Your job is to retype all of the data word for word, leaving every image out.

-- GIVEN DATA --
+ + + +

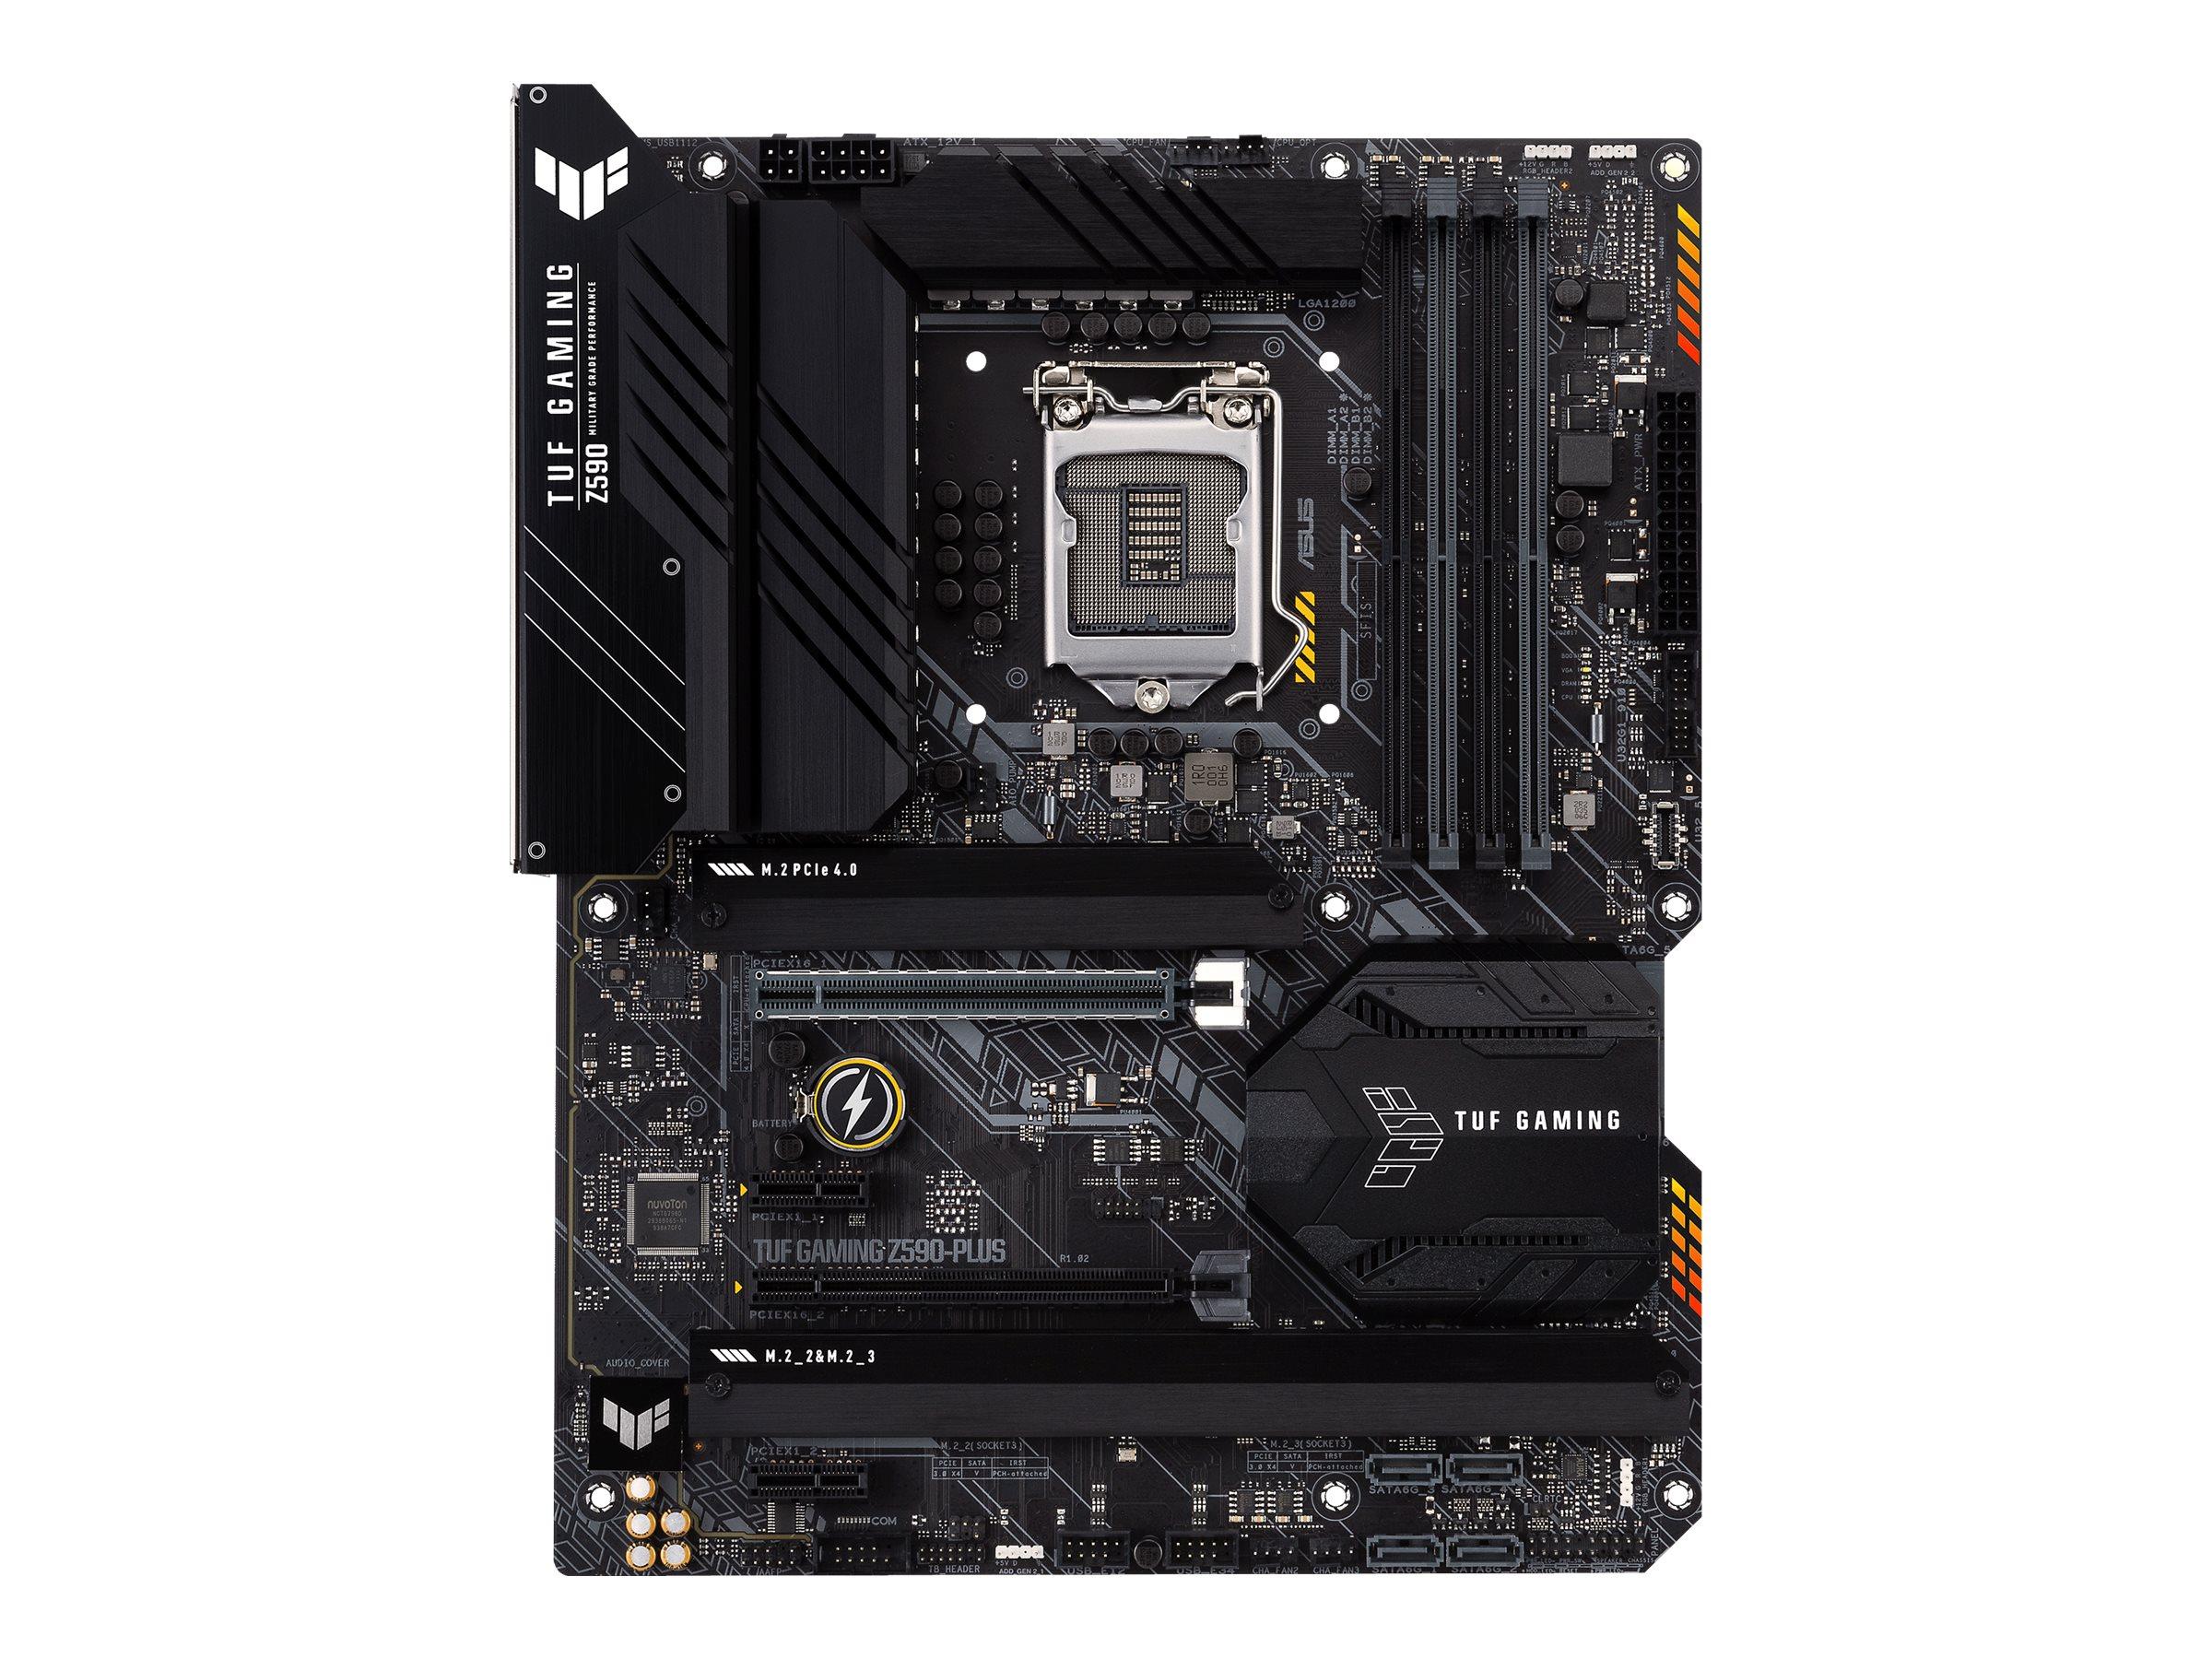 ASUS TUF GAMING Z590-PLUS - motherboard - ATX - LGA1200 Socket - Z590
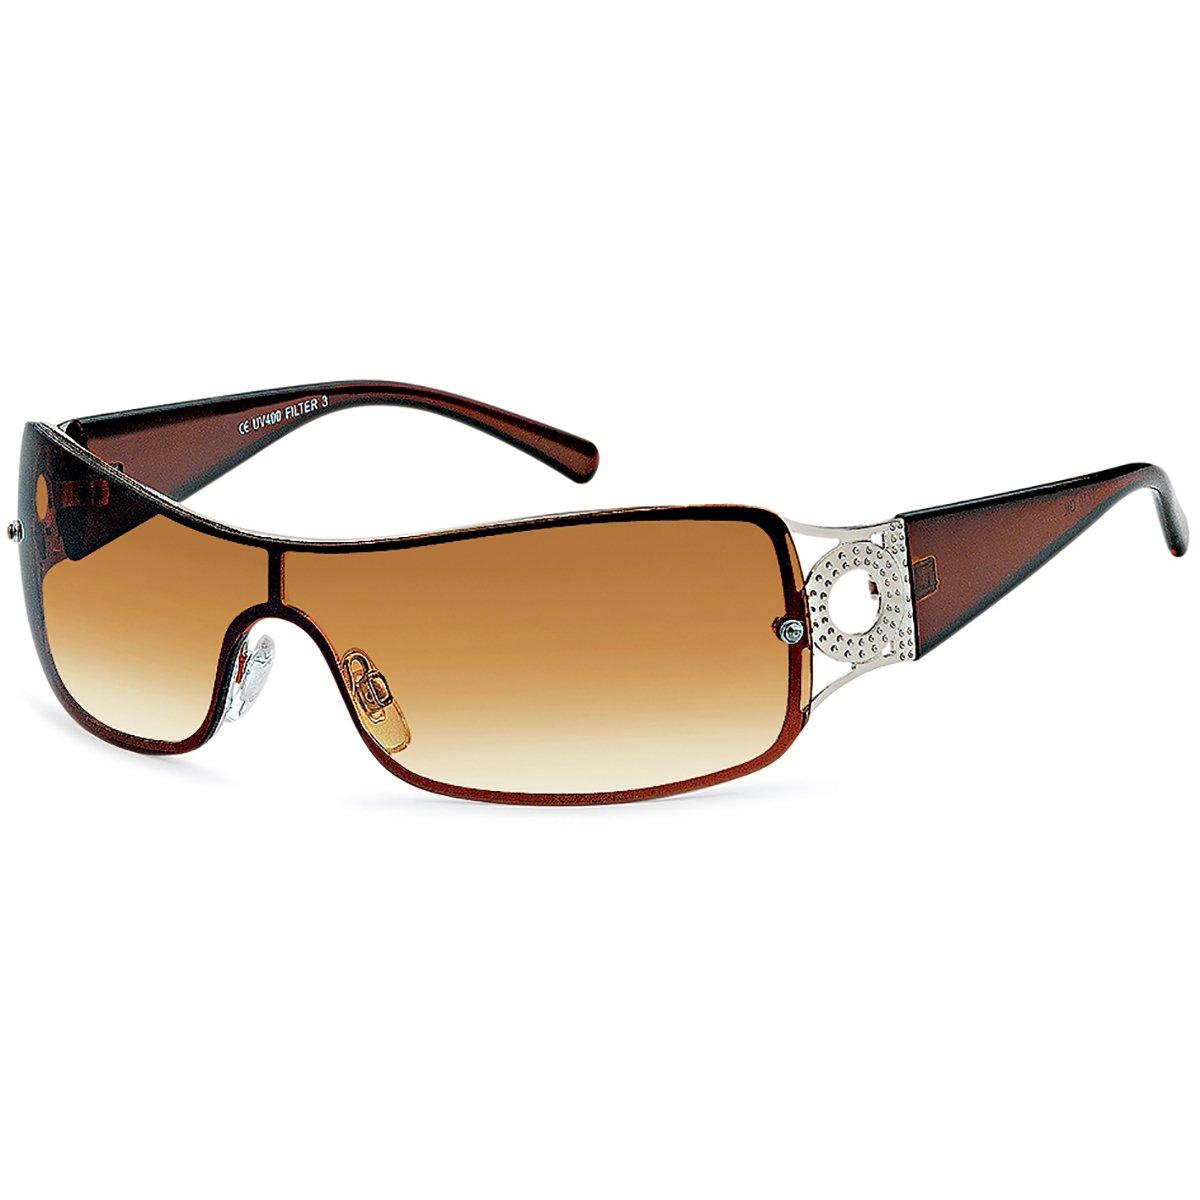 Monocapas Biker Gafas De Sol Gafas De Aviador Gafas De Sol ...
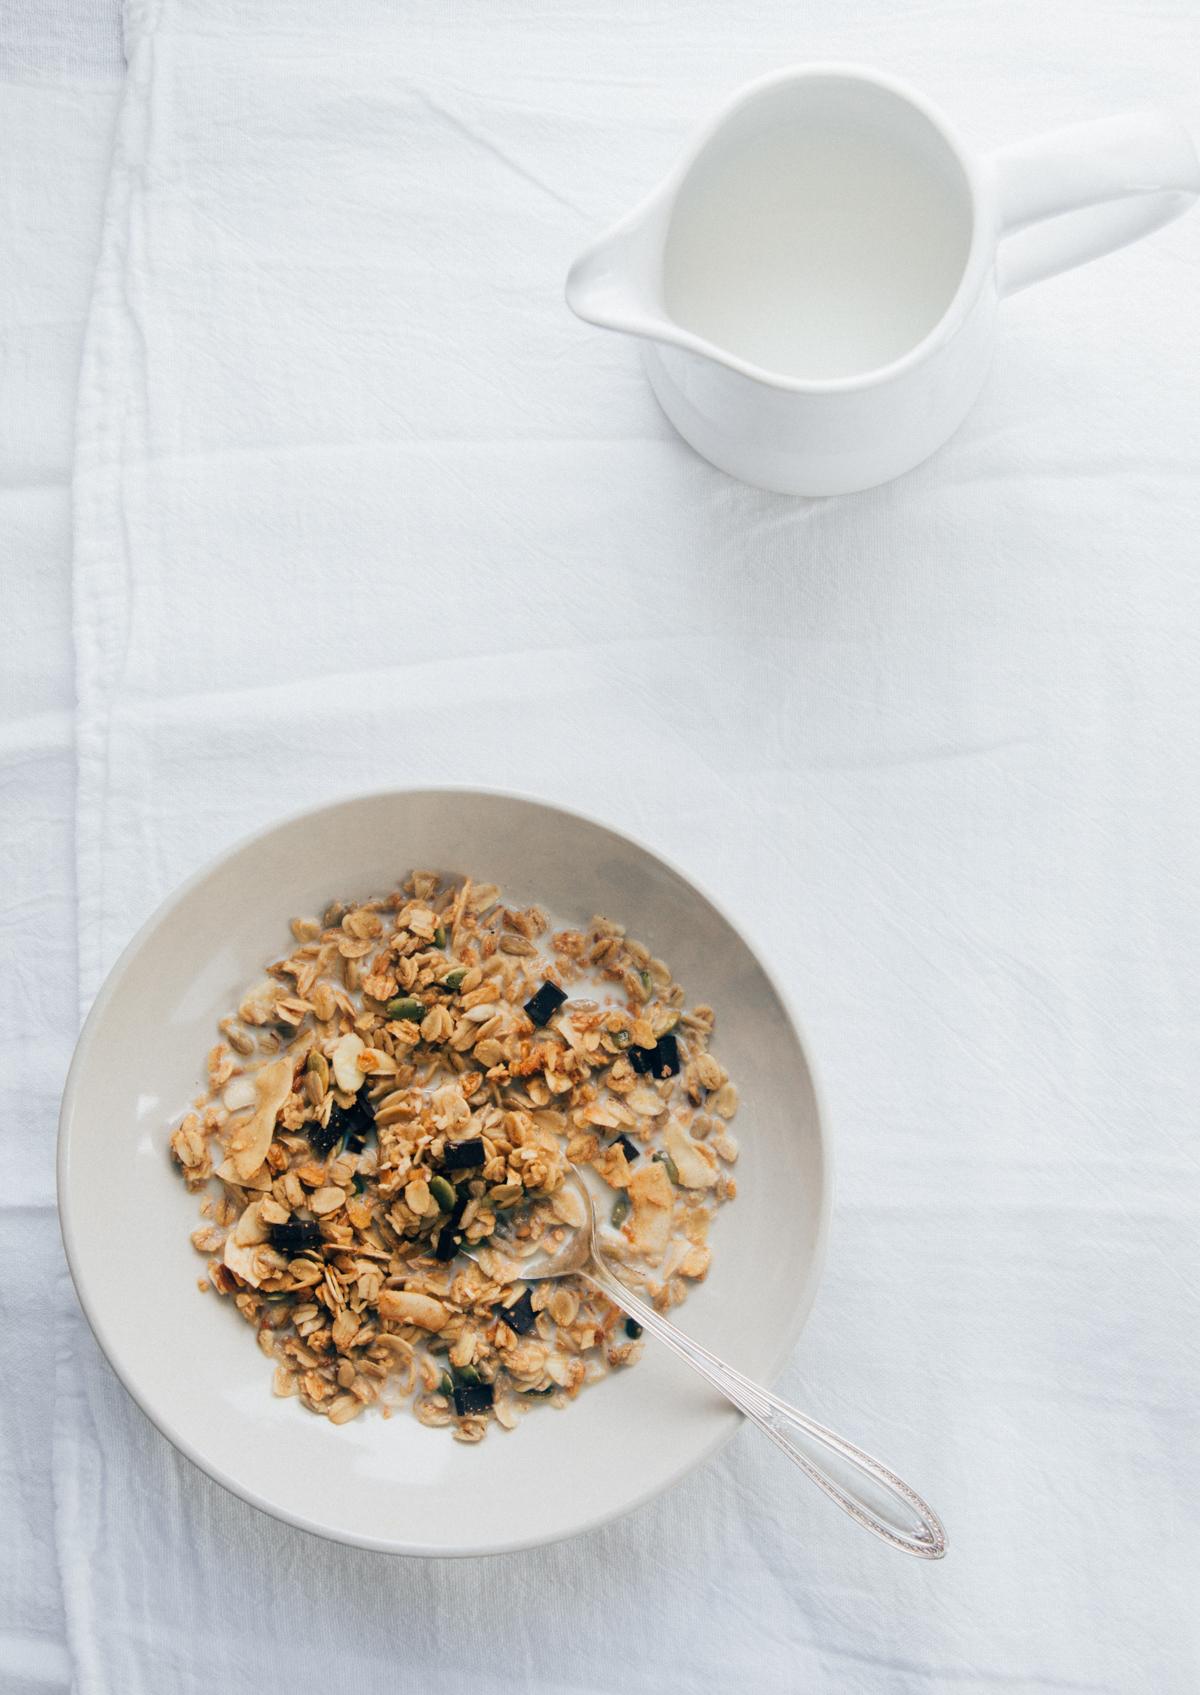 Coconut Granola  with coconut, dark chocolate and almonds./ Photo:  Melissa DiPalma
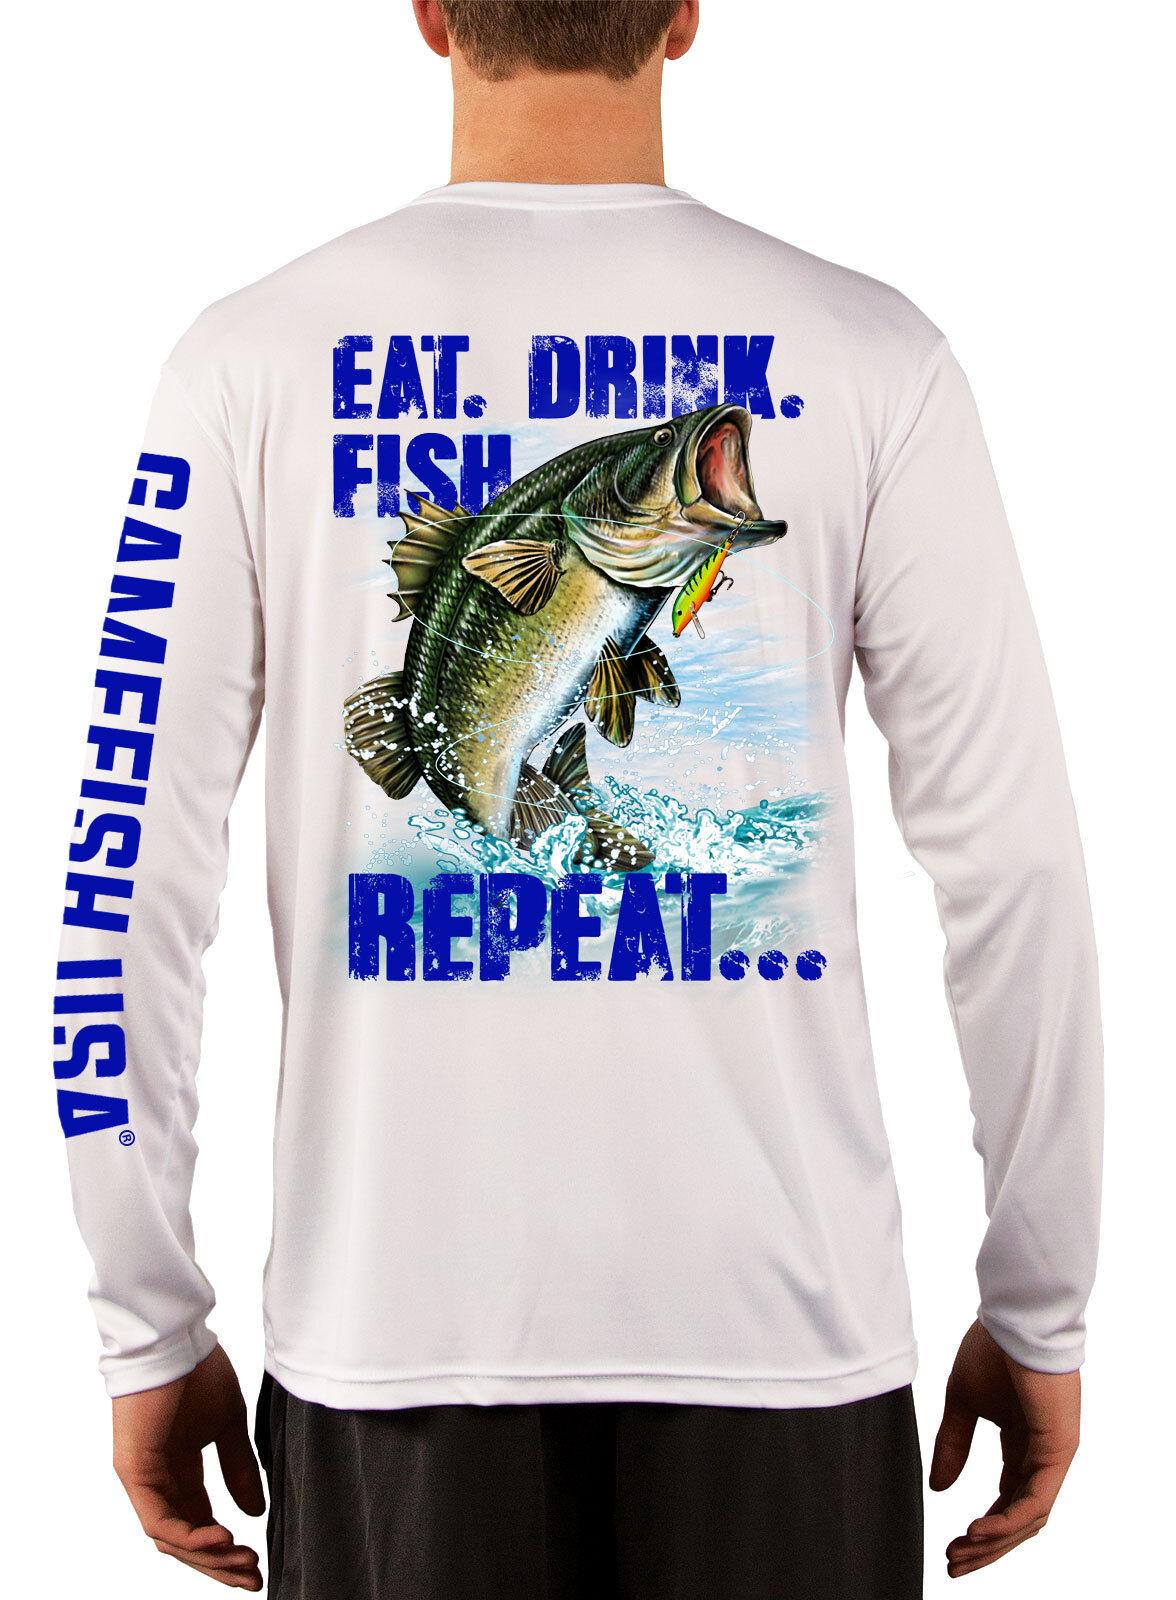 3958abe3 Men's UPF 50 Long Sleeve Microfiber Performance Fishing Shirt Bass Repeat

+ + + +

-- REPLY TO THE EXERCISE --
 ASUS TUF GAMING Z590-PLUS - motherboard - ATX - LGA1200 Socket - Z590
 Monocapas Biker Gafas De Sol Gafas De Aviador Gafas De Sol ...
 Coconut Granola  with coconut, dark chocolate and almonds./ Photo:  Melissa DiPalma
 3958abe3 Men's UPF 50 Long Sleeve Microfiber Performance Fishing Shirt Bass Repeat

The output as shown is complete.